Qualitative Results. The qualitative results demonstrated in Fig. 3 present some final segmentation results using the method of Lu et al. [13] in the first row and our proposed method in the second row. The green corners and white contour are the ground truth labeled by an expert. Red corners are the corners detection results and magenta contour refers to the segmentation result of our proposed method. Blood artifacts and fractures are indicated on the amplified white rectangle. The cyan contours are segmentation results using DP algorithm [13]. Figure 3\(a_{2}\)\(d_{2}\) display some of segmentation results, as shown in the white rectangles, struts with special cases of fractures and blood artifacts, which fail to be segmented accurately using the DP method based on contour, whose segmentation results are displayed in Fig. 3\(a_{1}\)\(d_{1}\), can be segmented well utilizing our proposed method. Qualitative results illustrate that our method has better performance and is more robust than the state-of-the-art.

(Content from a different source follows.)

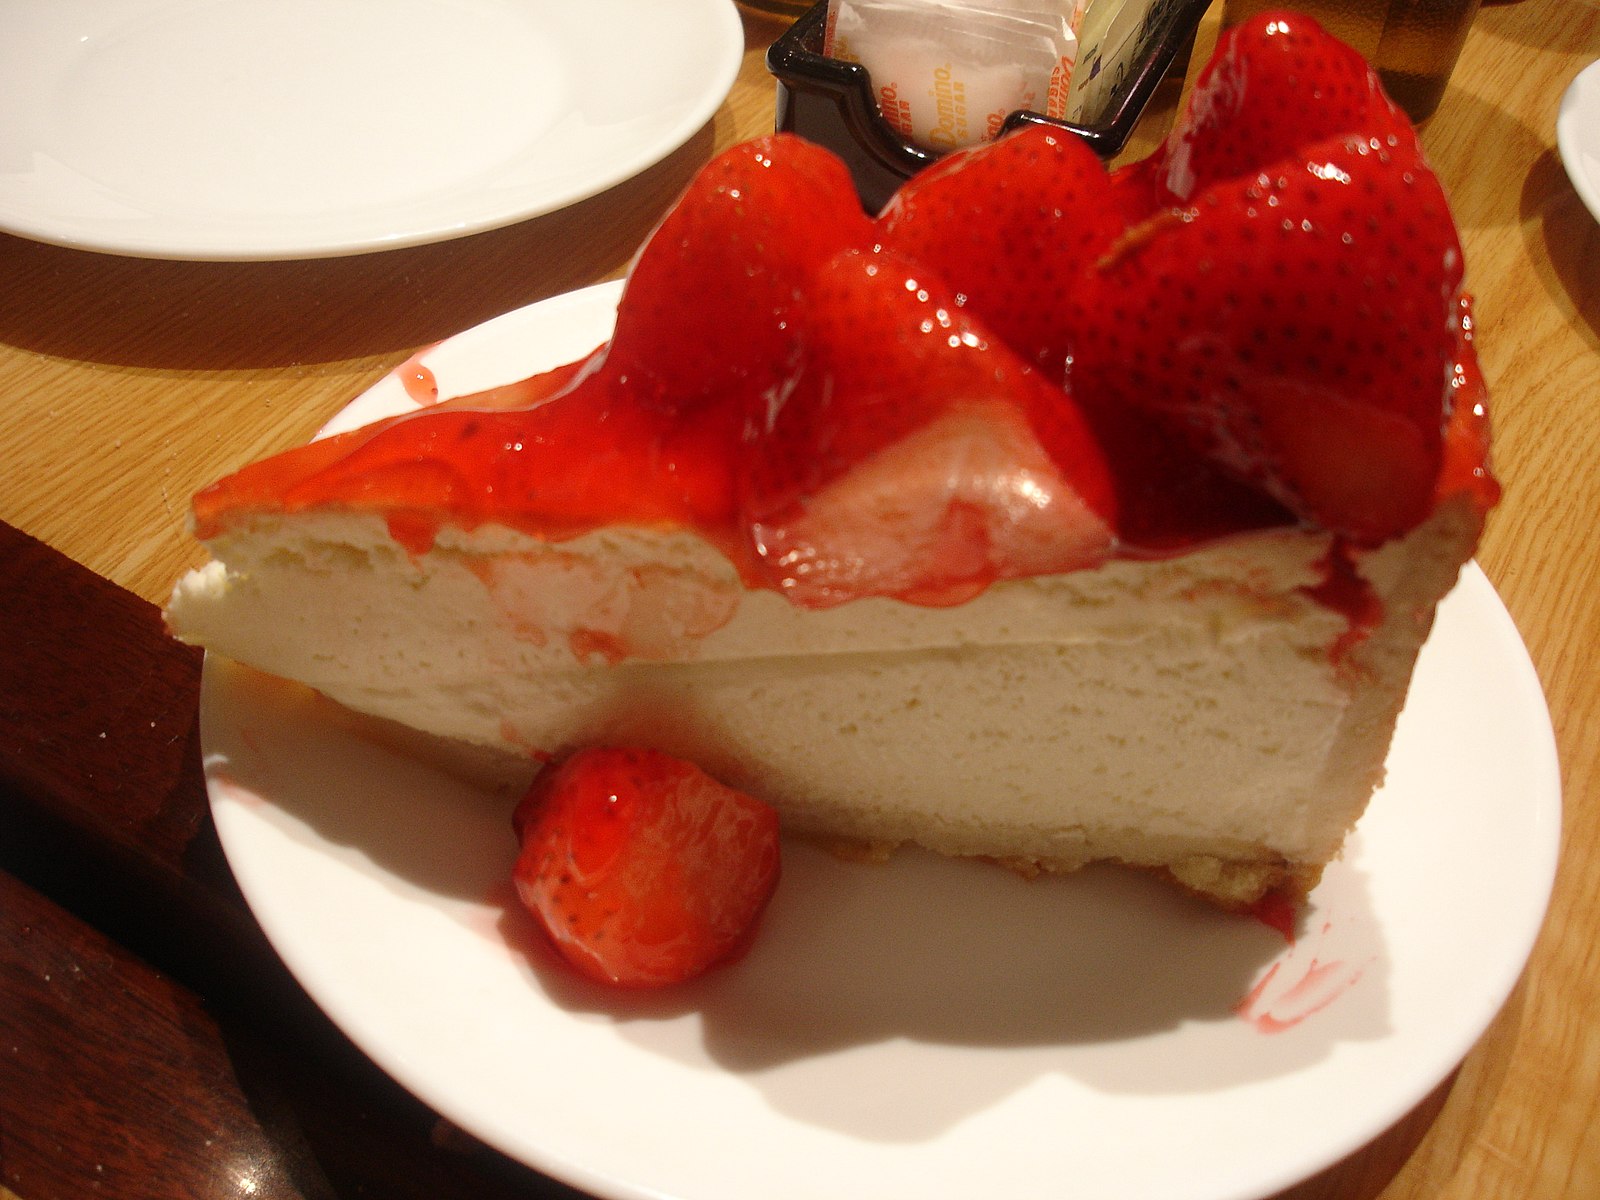 A slice of Strawberry Cheesecake from the Carnegie Deli
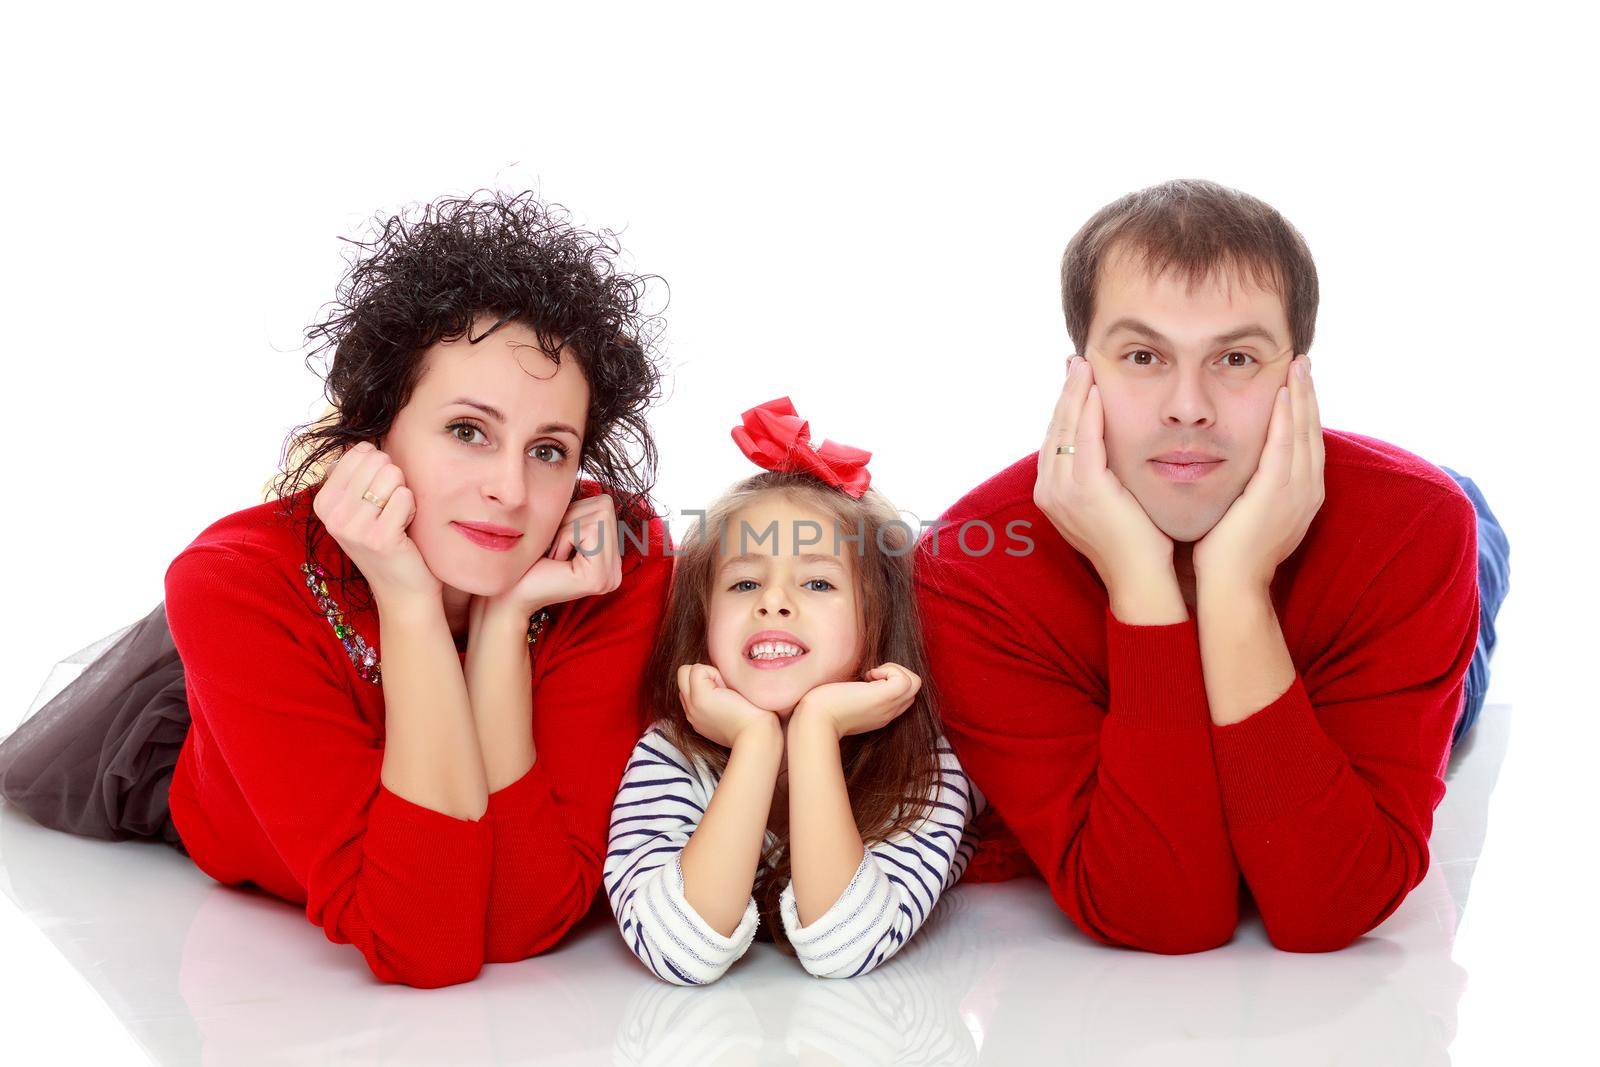 Happy young family dad mom and a little girl in bright red outfits . Family lying on the floor leaning on his hands.Isolated on white background.

Quantitative Results. The quantitative statistic results are presented in Table 1. The 2\(th \) to 4\(th \) columns are the number of images, struts and corners evaluated in the 5 data sets respectively. It can be seen that the average corner position error (CPE) of 5 data sets in 5\(th \) column is \(31.96\pm 19.19\) \(\upmu \)m, namely about \(3.20\pm 1.92\) pixels, for immediately implanted struts. Considering the allowable bias of detected corners, this is reasonable. It proves that the detection method is accurate and effective. Average dice of Lu et al. and our proposed work in 6\(th \) and 7\(th \) column of 5 data sets are 0.84 and 0.85 respectively. A rise of about 0.01 of average dice with our proposed method makes difference in clinical practice and this is difficult for small objection segmentation. It suggests that our proposed method is more accurate and robust compared to the DP method using by Lu et al. [13].

4 Conclusion

In this paper, we proposed a novel method of automatic BVS strut segmentation in 2D IVOCT image sequences. To our best knowledge, this was the first work that using the prior knowledge of struts’ box-shape to segment strut contour based on four corners. Our presented work transforms the struts segmentation problem into corners detection, which avoids segmentation results from the influence of blood artifacts around strut contour and fractures inside strut. Specially, corners are detected using a cascaded AdaBoost classifier based on enriched haar-like features. Segmentation results are got based on the detected corners. Qualitative and quantitative evaluation results suggest that the corners detection method is accurate and our proposed segmentation method is more effective and robust than DP method. Automatic analysis of struts malapposition is feasible based on the segmentation results. Future work will mainly focus on further improving the current segmentation results by post-processing.